Wealth taxes could trigger forced selling
Dalio also argues that democratic governments loaded with debt — chief among them the US — are running out of fiscal and political space. They cannot borrow much more due to declining demand from both domestic and foreign buyers. They cannot raise conventional taxes without alienating high-income earners. They cannot cut spending without intensifying social unrest.
This leaves wealth taxation as the most likely next step. But Dalio warns that any serious attempt at taxing wealth — especially unrealized gains — would have destabilising consequences. US households collectively own around $150 trillion in wealth, but hold less than $5 trillion in cash.

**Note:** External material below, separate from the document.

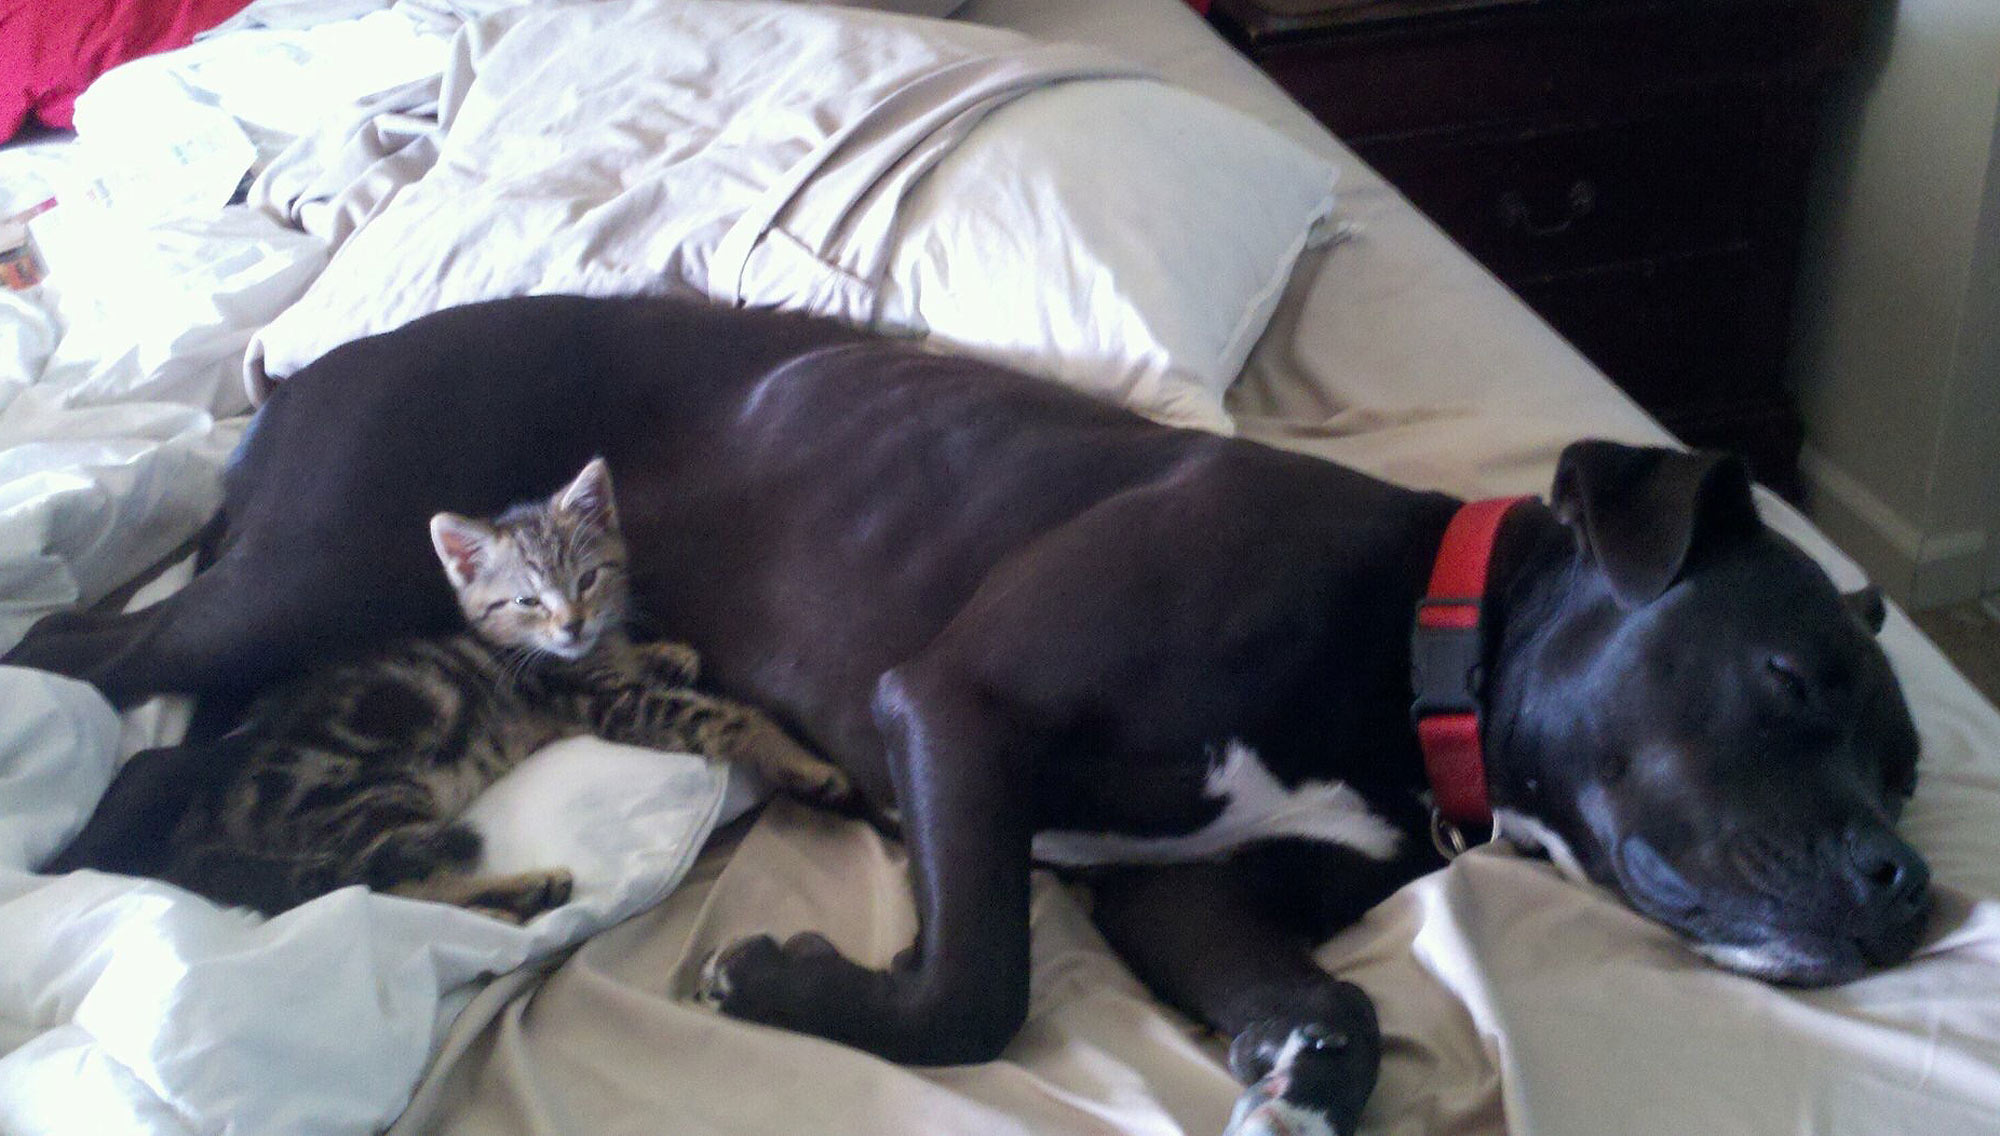 BooBoo the cat’s and her pit bull friend
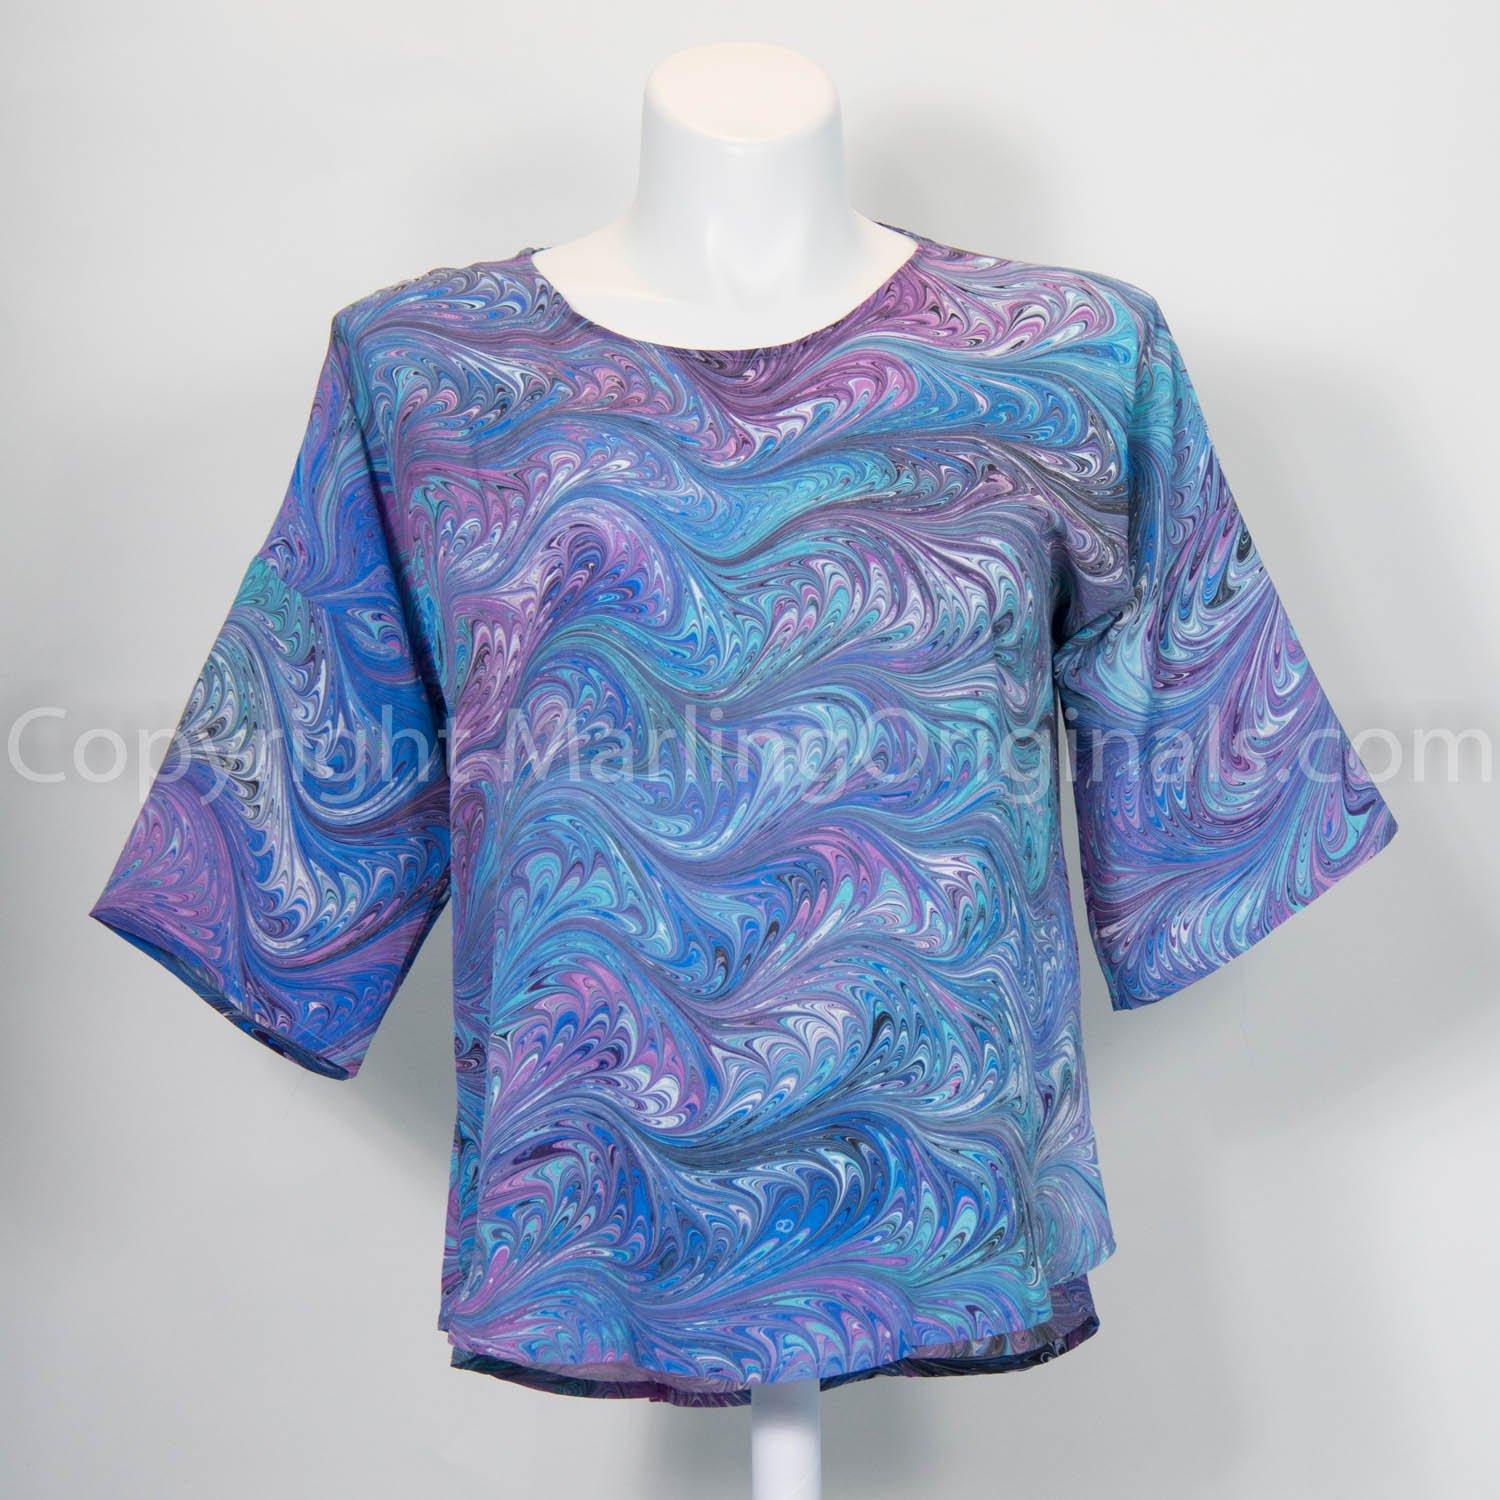 marbled blue silk top with artistic feathered patter in blues, violet, aqua.  Round neck and hemline

Even a modest 1-2% wealth tax would require Americans to produce $1–2 trillion in cash payments each year, almost all of which would have to come from selling assets.
Dalio argues this would force massive liquidation of equities and private-market holdings, depress asset valuations, push borrowing costs higher, and accelerate capital flight — not only popping the bubble but deepening the subsequent bust.
History’s Repeating Voice: 1929, 1971, 2000, 2008
Throughout his analysis, Dalio draws parallels to past turning points.
- 1929-33: A credit-fueled equity boom collapses into depression.
- 1971: Excess US deficits prompt Nixon to sever the dollar’s gold linkage, triggering a sharp devaluation.
- 2000: The tech bubble bursts after valuations detach from monetary fundamentals.
- 2008: Credit expansion implodes, forcing central banks into unprecedented money creation.
Dalio argues today’s environment echoes all of these: too much financial wealth relative to money, liquidity tightening, overextended leverage, and widening social divides.
A risk cluster rarely seen together
Dalio’s conclusion is stark. The data shows:
- Equity wealth relative to money is at its highest level in at least 120 years.
- The historical record suggests weak nominal and near-zero or negative real returns over the coming decade.
- Income inequality is near pre-Depression extremes.
- Political pressure for redistribution is rising alongside fiscal strain.
When these forces combine, Dalio argues, markets and society both enter a precarious phase.
“When the promises to deliver money are far greater than the amount of money that exists, and wealth needs to be sold to get that money, watch out for a bubble bursting,” he wrote. “And when that happens alongside big wealth gaps, watch out for big political and wealth changes.”